Templates
Intro To Templates
Templates allow us to define one function that applies to all types of variables. Templates are an example of "Algorithm Abstraction", which is the expression of algorithms in a general way so we can ignore details and concentrate on the substantive parts of the algorithm.
Syntax:
template<class T>
This tells the compiler that the definition/declaration that follows is a template and that 'T' is a type parameter. In the following definition/declaration,
T
can be replaced by any type, whether the type is a class or not. The compiler produces a separate definition only for the types which use the template, as required.
template<class T>
void swapValues(T& var1, T& var2) {
T temp;
temp = var1;
var1 = var2;
var2 = temp;
}
int int1 = 1, int2 = 2;
swapValues(int1, int2);
char sym1 = 'A', sym2 = 'B';
swapValues(sym1, sym2);
Note that we call the function just like any other function
Multiple Parameters
Templates can also be defined with multiple parameters, however, the following definition/declaration cannot have any unused template parameters. i.e.
template <class T1, class T2>
Class Templates
Class templates can be used to generalize a class. Defining class templates is the same as for function templates. Once the class template is defined, we can declare object of the class. The declaration must specify what type to be filled in for T. e.g.
Pair score; Pair seats;
//Class for a pair of values of type T:
template<class T>
class Pair {
public:
Pair();
Pair(T firstValue, T secondValue);
void setFirst(T newValue);
void setSecond(T newValue);
T getFirst() const;
T getSecond() const;
private:
T first;
T second;
};
Member Functions For Class Templates
Member functions that are a part of a class template is defined in the same way as member functions for ordinary classes. The only difference is that the member functions are also templates. The class name before the scope resolution operator has to have the template parameter. However, the constructor and destructor names (after scope resolution operator) do
not have the template parameter.
template<class T>
Pair<T>::Pair(T firstValue, T secondValue) {
first = firstValue;
second = secondValue;
}
Class Templates As Parameters
Class templates may be used as the type for a function parameter.

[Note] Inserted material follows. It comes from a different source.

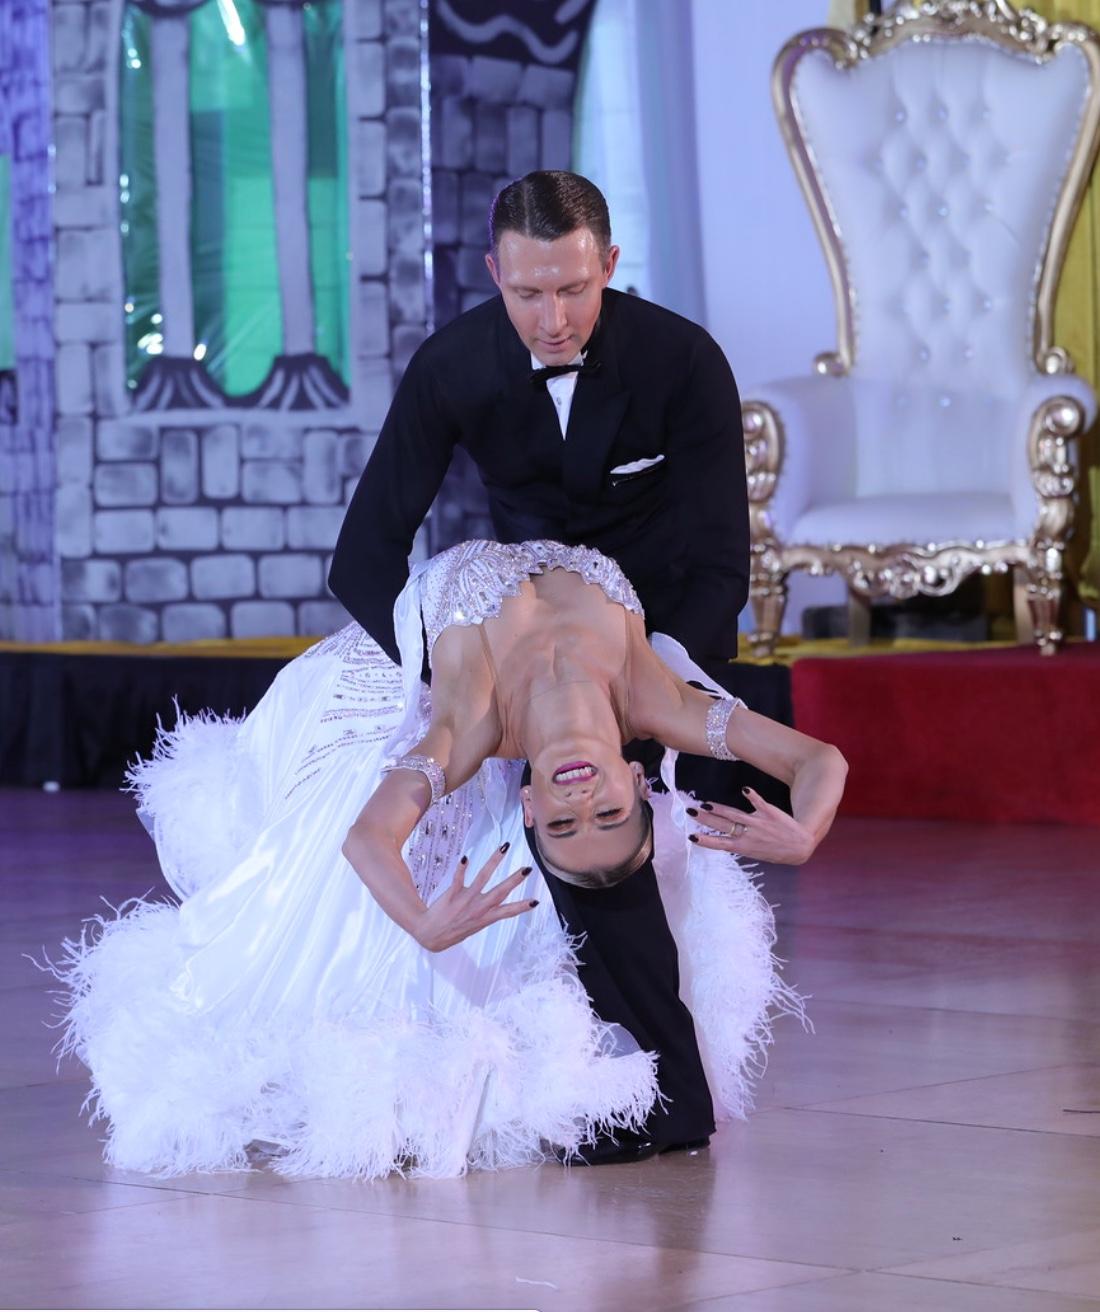 Arunas & Katusha ballroom dance champions at Music City Invitational

int addUp(const Pair<int>& thePair);
They can also be used within a function template.
template<class T>
T addUp(const Pair<T>& thePair);
Type Definitions
We can also define a new class type name that has the same meaning as a specialized class template name, using
typedef
(more on typedefs
here). i.e.
typedef Class_Name<T> New_Type_Name;
typedef Pair<int> PairOfInt;
Friend Functions
When used with template classes, you must include a type parameter where appropriate.
Inheritance
When defining a derived template class, begin with a standard template class and derive the other template class from it.
// Base Class
template<class T>
class Base {
public:
Base();
virtual ~Base();
private:
T *a;
};
template<class T>
Base<T>::Base() {
a = new T[5];
}
template<class T>
Base<T>::~Base() {
delete[] a;
}
// Derived Class
template<class T>
class Derived : public Base<T> {
public:
Derived();
virtual ~Derived();
private:
T *b;
}
template<class T>
Derived<T>::Derived() : Base<T>() {
b = new T[5];
}
template<class T>
Derived<T>::~Derived() {
delete[] b;
}
Maps
Maps are a templated class that are containers of key-value pairs. The key values are used to sort and uniquely identify the elements while the mapped values store the content associated with the key. The elements are sorted by its key using the operator
<
. To use user-defined classes as keys, the class must be:
- Copyable
- Assignable
- Comparable (must implement operator
<
)
#include <map>
using namespace std;
// main
map <string, int> m;
m["abc"] = 1;
m["def"] = 4;
cout << m["abc"] << endl; // 1
cout << m["ghi"] << endl; // if key is not defined, it will call the default constructor of value type and insert it in that key (prints 0)
m.erase("abc");
if(m.count("def")) {} // 0 if not found, 1 if found
for (auto &p : m)
cout << p.first << p.second << endl;
// p.first gets key
// p.second gets value